Ratdog - made up of lead guitarist Mark Karan, keyboardist Jeff Chimenti, sax player Kenny Brooks and bassist Robin Sylvester - provides that unpredictable spark that keeps Weir happy to be on the road almost as much as his old band was at its peak.

"This band now is spitting fire," he says. "The more you play, the better you get."

If you Go! ...
What: Ratdog
Where: Mid-Hudson Civic Center, 14 Civic Center Plaza, Poughkeepsie
When: 6:30 p.m. March 28
Tickets: $29.50
Call: 454-5800

Here's what Weir has to say about new versions of old songs, releasing new tunes, embarking on new tours and collaborating with other musicians and taking new directions.

"There is a continuum that is carried on now that flies in the face of completely reinventing the tune," Weir says. "The tunes are made to be reinvented over time anyway, organically. So I don't see much point in summarily dismissing what the tune amounted to in the first place when we trotted it out with Jerry."

Concertgoers and fans can order discs of the show while at the venue or online at That cyberspace location will also be where the band's next set of releases will appear.
"I don't know if making a record is the way for us. To me, a CD is an arbitrary constraint to put on a bunch of tunes that may or may not be related in any way, except being written around the same time. Since we have Pro Tools and such, why not put them out as they get done? Most people in our demographic get their music from downloading anyway. This way, there is no buying tunes people are not interested in ... so if they pop up one at a time, people will be more into 'em!"

In addition to a new set of tunes that will pop into the rotation this tour, look for a possible reincarnation of "The Dead," the entity that has toured off and on over the past three years. But more interestingly, Weir has found himself fronting trios and thinking about one day hitting the road in a quartet setting with some familiar colleagues.

"Phil and I each have our own hot hands these days, but I really think the most interesting idea is to forget other members and just go out as the four core members. I have recently played in a couple trios and just had a ball - the first was with my drummer Jay Lane and (bassist) Rob Wassermann. Over time we have developed a vocabulary. The other was with Jay and Les Claypool. I was down at NAMM show in Los Angeles and ran into Bootsy Collins. He and a good drummer would be fun."
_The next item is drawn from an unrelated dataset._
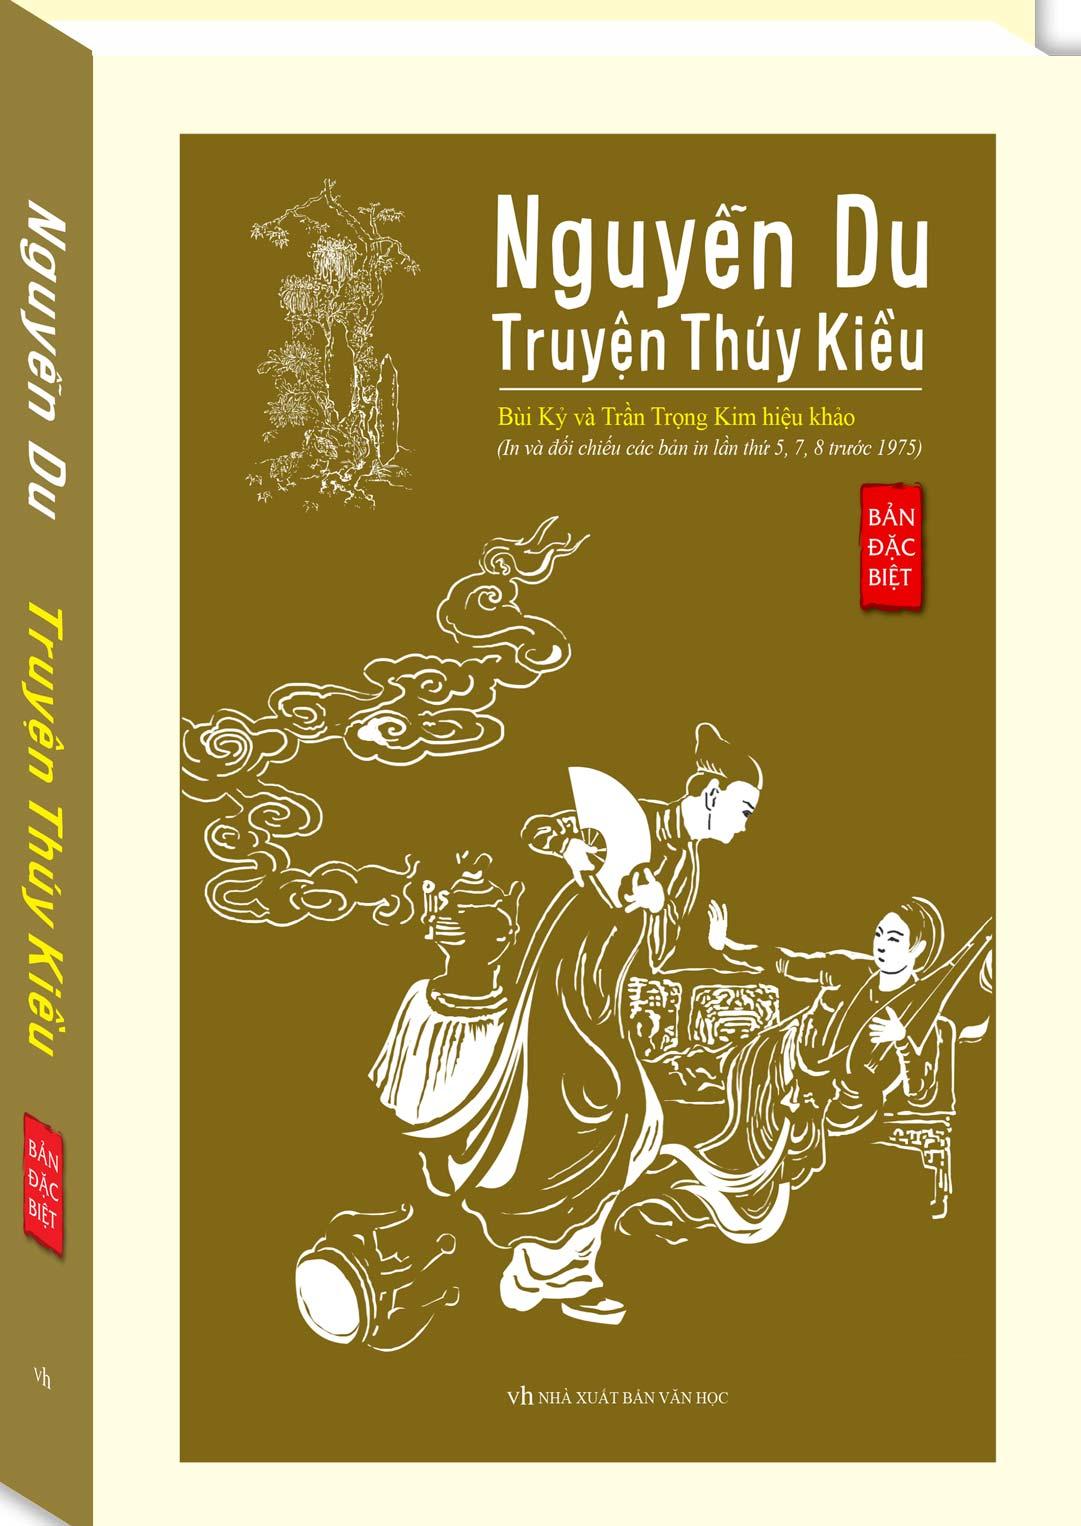 Nguyễn Du - Truyện Thúy Kiều - Bản Đặc Biệt (Bìa Cứng) - EBOOK/PDF/PRC/EPUB

For Weir, the notion of leading a trio without a "lead" voice is not foreign to him.

"I can take what I do and consider that soloing - I'm blowin' when I'm playing. There is nothing staid about what I do. Maybe I'm not playing a lot of melodic stuff, but there's a lot of development happening." As with so many aspects of his career, he says, "I never go back to the same place."